Köyde yaşamanın kendisi için şantiye hayatıyla başladığına değinen Burcu Cunneen, “Köy hayatına yabancı değilim ama zorluk Fethiye’ye en uzak köy oluşumuzda. Köyde bakkal, eczane, kafe, hırdavatçı hiçbir şey yok. Faralya Köyü harika bir yer, kadınları çok çalışkan. Muhtarın hanımı Zeliha, köyün çiçekçisi Burcu, köyün en çalışkanı Sevgi, mutfak konusunda en marifetlisi İlkay, kilim dokumada hocam olacak olan Behice anam, köyümüzün kitap kurdu Pınar ve iki çocuk annesi olduktan sonra köyde ingilizce öğrenmeye meraklı örnek kadın Mürşide… Onlardan ekim, dikim mevsiminde zeytin toplama, tarhana kaynatma, domates sosu yapma gibi çok şey öğreniyorum” açıklamasını yaptı.
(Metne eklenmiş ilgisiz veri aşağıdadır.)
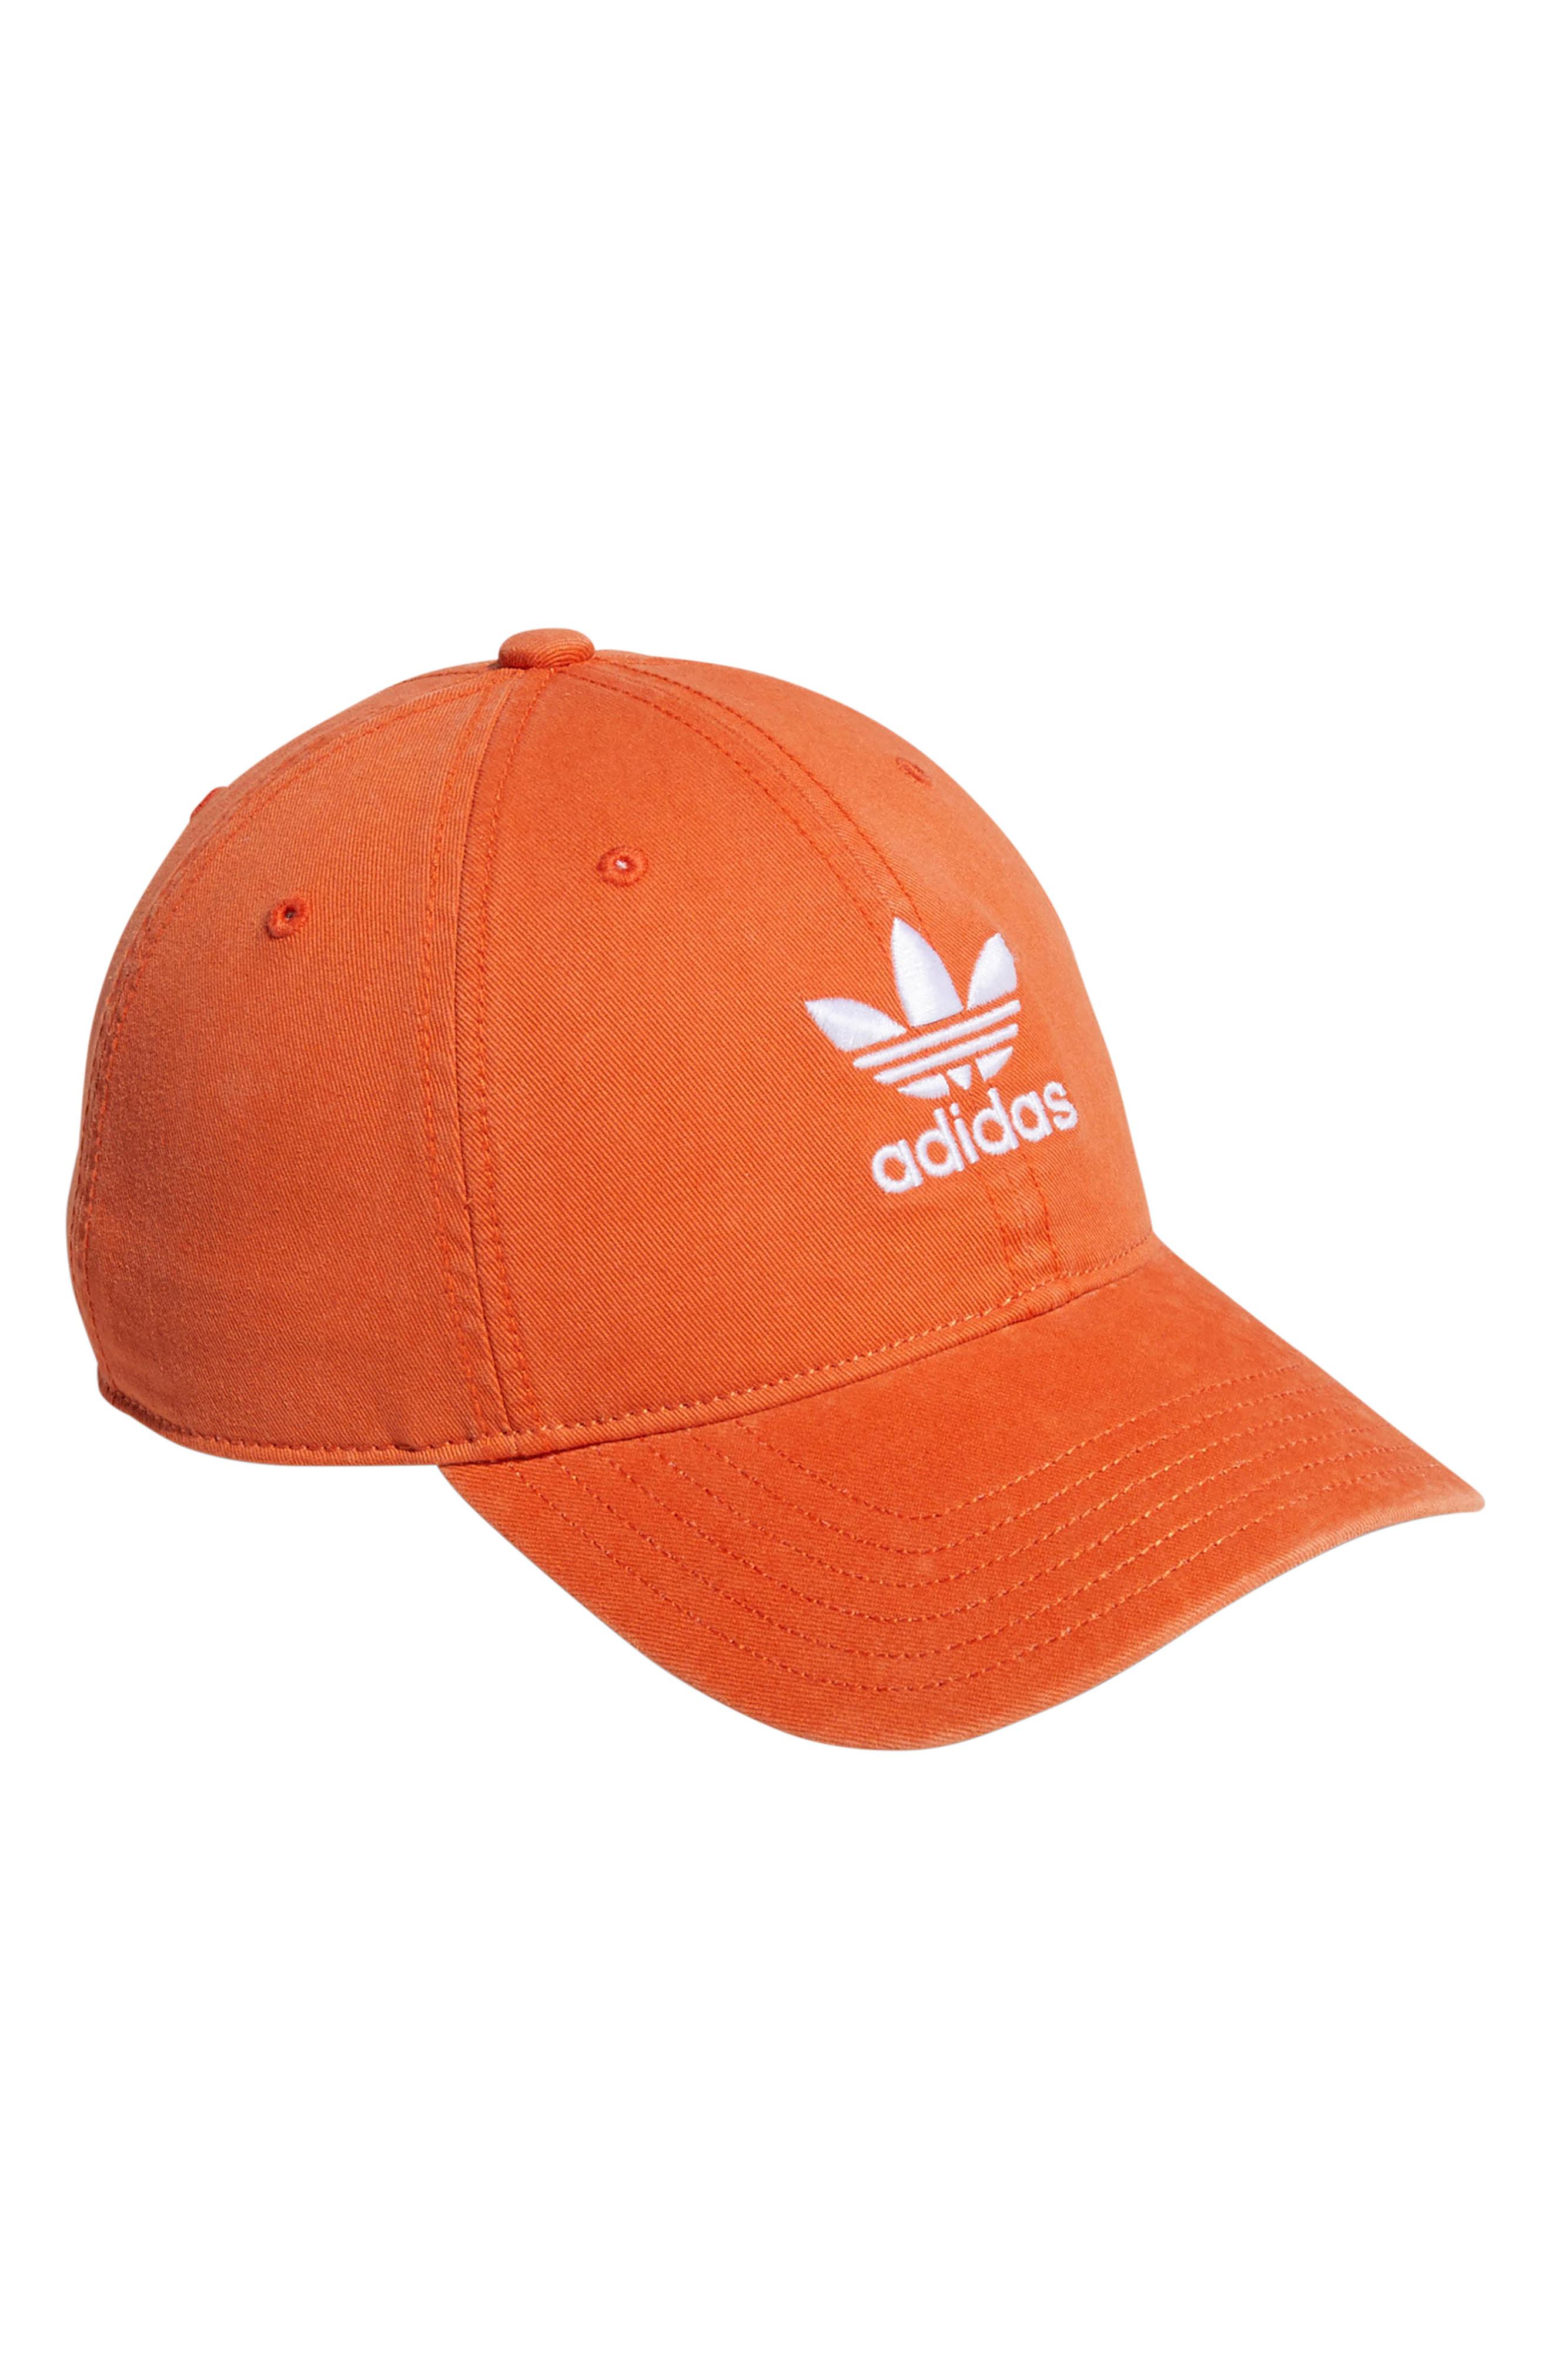 adidas Originals Relaxed Cotton Baseball Cap in Orange for Men - Lyst

‘BİR GÜN MOTORUMLA DÜNYAYI DOLAŞACAĞIM’
Afrika’da yürüttüğü köy enstitüsü projesini köyde de hayata geçirdiğine dikkat çeken Burcu Cunneen, “Amerika’dan Aşkın Hanım ve ailesi gönüllü köyümüze geldiler ve köyün ilk yaz okulunu açtık. Satranç, İngilizce, matematik, resim gibi birçok alanda dersler verdik. Muhtarımız Hasan Bey ile köyümüzde bir ilki başlattık. 29 Ekim’de tüm köy bir araya gelip kazanlarda keşkekler kaynattı. İmamlar, Atatürk, silah arkadaşları ve tüm şehitlerimiz için dualar okudu. Ben rahmetli anneannemin el dikimi mor bindallı kezbence gelinliğini giyip köyün önüne düştüm. Dev Türk bayraklarını Babadağ’ın eteklerinden köyümüzün okuluna kadar taşıdık ve artık bu bir köy geleneği oldu. Şimdi 100’üncü yılımızı kutlayacak oluşumuzun heyecanını yaşıyoruz. Köyün erkekleri de yaptığım işe, verdiğim emeğe çok saygı duyuyorlar. Onların da bir nevi Burcu ablası oldum” detaylarını verdi.
Burcu Cunneen geçimini ise Ölüdeniz’de 2006 yılında kurduğu, bölgenin ilk tescilli yerel sabun markasından sağlıyor. Bunun yanında restore ettiği küçük bir evi de misafirlerine günlük olarak kiralıyor. Geleceğin ise kendisi için belirsiz olduğunu söyleyen Burcu, “Bir hayalim elbette var. Bir gün motorumun üstünde kulağımda Barış Manço’nun sesi ve çocukluğumda kurduğum düşlerin heyecanıyla dünyayı dolaşacağım. İnsanların hayallerine, hayatlarına dokunmak beni çok mutlu ediyor. Bunu içimde bir tohum gibi her daim yeşertiyor, umudumu ve heyecanımı seyahatle birleştirmekse muhteşem olur diye düşünüyorum” ifadelerine yer verdi.